Footwear retailer Clarks formed a joint venture with Future, India’s largest retailer, for its launch into the market in 2011. Although that predates the regulation change, Andrew Martland, Clarks’ president for Asia Pacific, says it has no plans to change strategy: "We wanted a partner that understood the dynamics of the market, such as where to actually locate the stores. There was so much mall development at the time – we wanted to make sure we picked the right malls. Plus a local partner has bargaining power with the landlords."

Clarks has 26 stores across nine major cities, including Delhi, Mumbai and Bangalore. The majority are located in shopping malls, although it does have some high street locations. Its first store opened on a big shopping destination street in Delhi, which Martland said was a statement location for Clarks when it opened.

Clarks’ experience mirrors the kind of property availability there is in India, with malls and shopping centres increasingly popular. During the boom years, from 2004-08, retailers had to speculatively rent space to ensure they would get into the right locations, but real-estate costs have risen and more conservative growth in recent years means retailers have become more selective.

Meanwhile, Dutta adds: "I would say the ability to evaluate site feasibility is a bigger issue than availability of sites."

Clarks’ partnership with Future also gave it access to its logistics business, FutureLogistics, which handles its physical stores. This allowed Clarks to avoid dealing with India’s fragmented logistics market. Although, the footwear retailer recently appointed a specialist ecommerce logistic partner to service its website, which launched at the end of last year.

Dutta says it is common for retailers and brands to use a combination of logistics operators. "A majority of retailers blend services of large and small third-party logistics operators, especially if their store network is dispersed across the country."

There are mixed reports on the reliability of India’s infrastructure, with the majority suggesting it is comparatively poor, although Martland contests it is developing quickly with a motorway network "of sorts" and improved airlines.

Anita Balchandani, partner at OC&C Strategy Consultants, believes the non-food infrastructure is at an early stage, which means there are difficulties in the last-mile service for retailers considering online as a way of testing the market. India has a nascent ecommerce business, which is expected to be driven by mobiles rather than desktop PCs.

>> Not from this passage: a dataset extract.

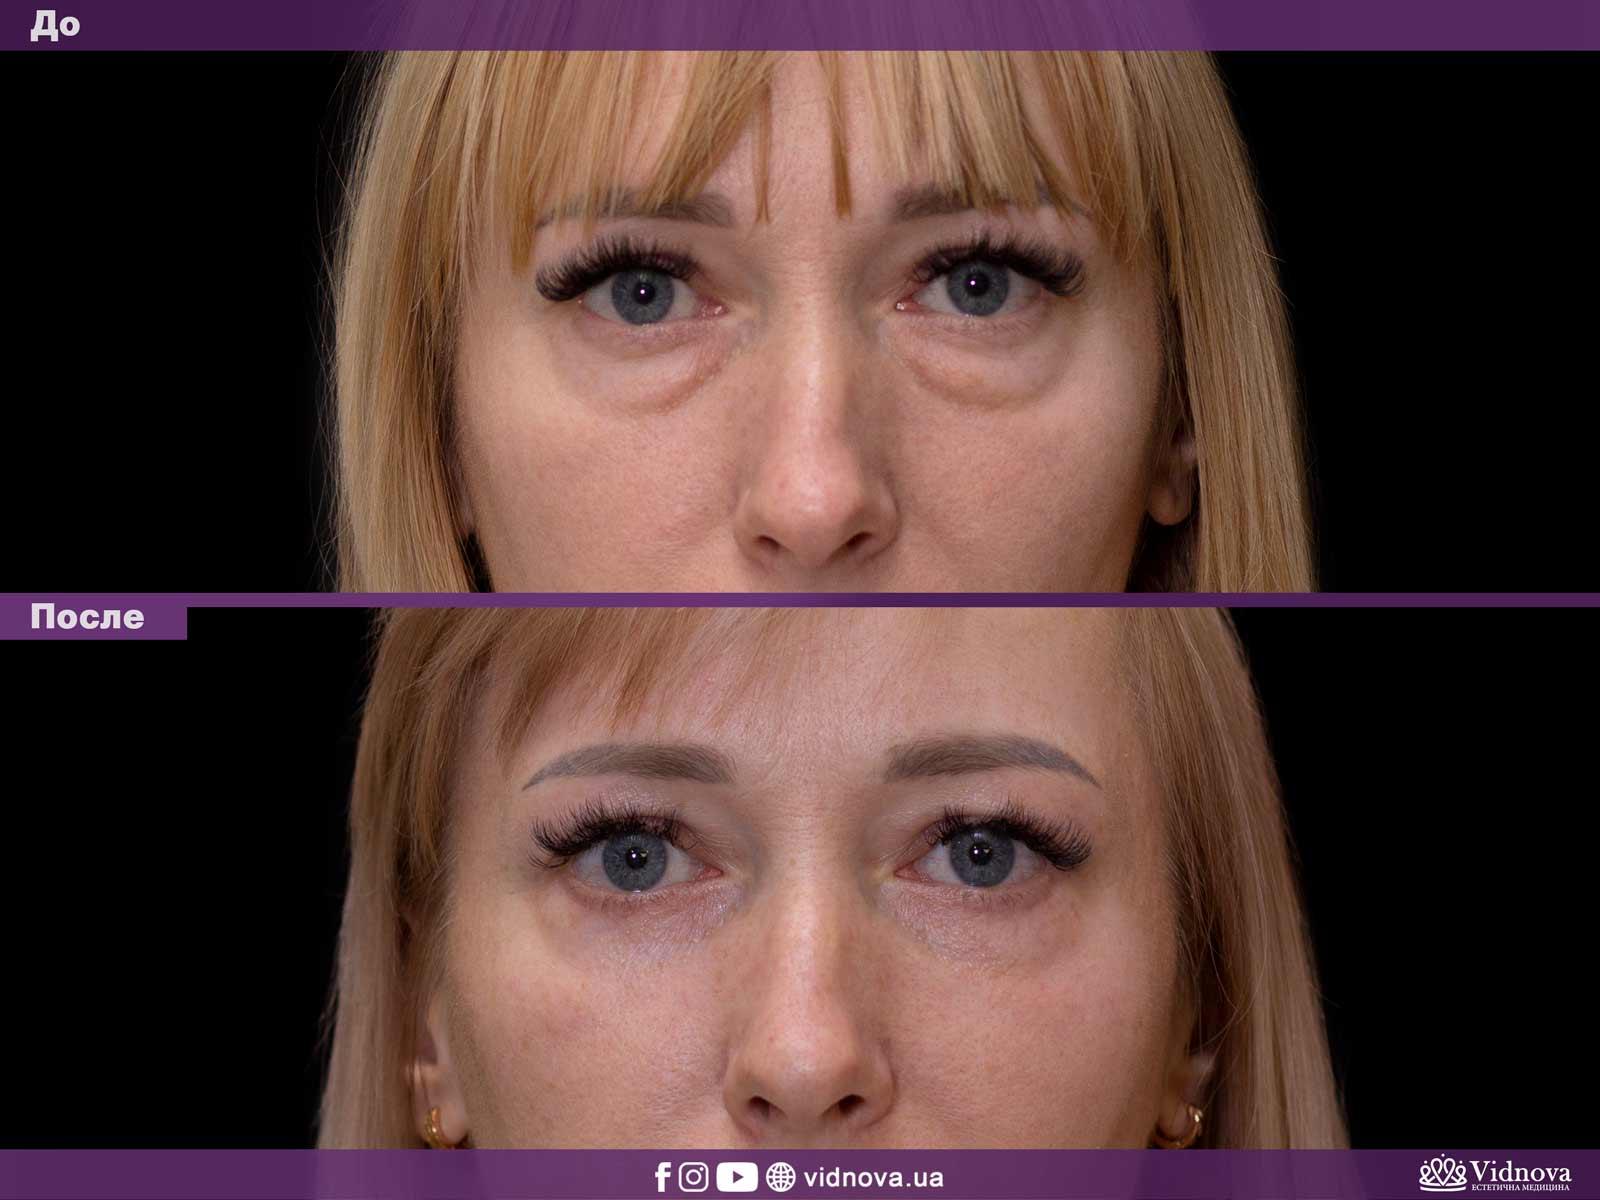 Блефаропластика: Фото До и После - Пример №24-1 - Клиника Vidnova

Import duties are quite high, particularly for footwear because it has a big domestic manufacturing market and is seeking to protect it. "Customs and import is complicated," says Martland, who adds that it is a difficult regulatory market, even for getting shops and establishment licences for each store. There is also a complex tax structure and, for many retailers, the level of bureaucracy can be overwhelming.

To succeed in India, there are certain things specific to Indian consumers such as the demand for a range of styles driven by the regional differences in weather, says Martland. "There are lots of brands that have come to India – some that are successful and some that aren’t," he explains. "It is those willing to adapt that survive."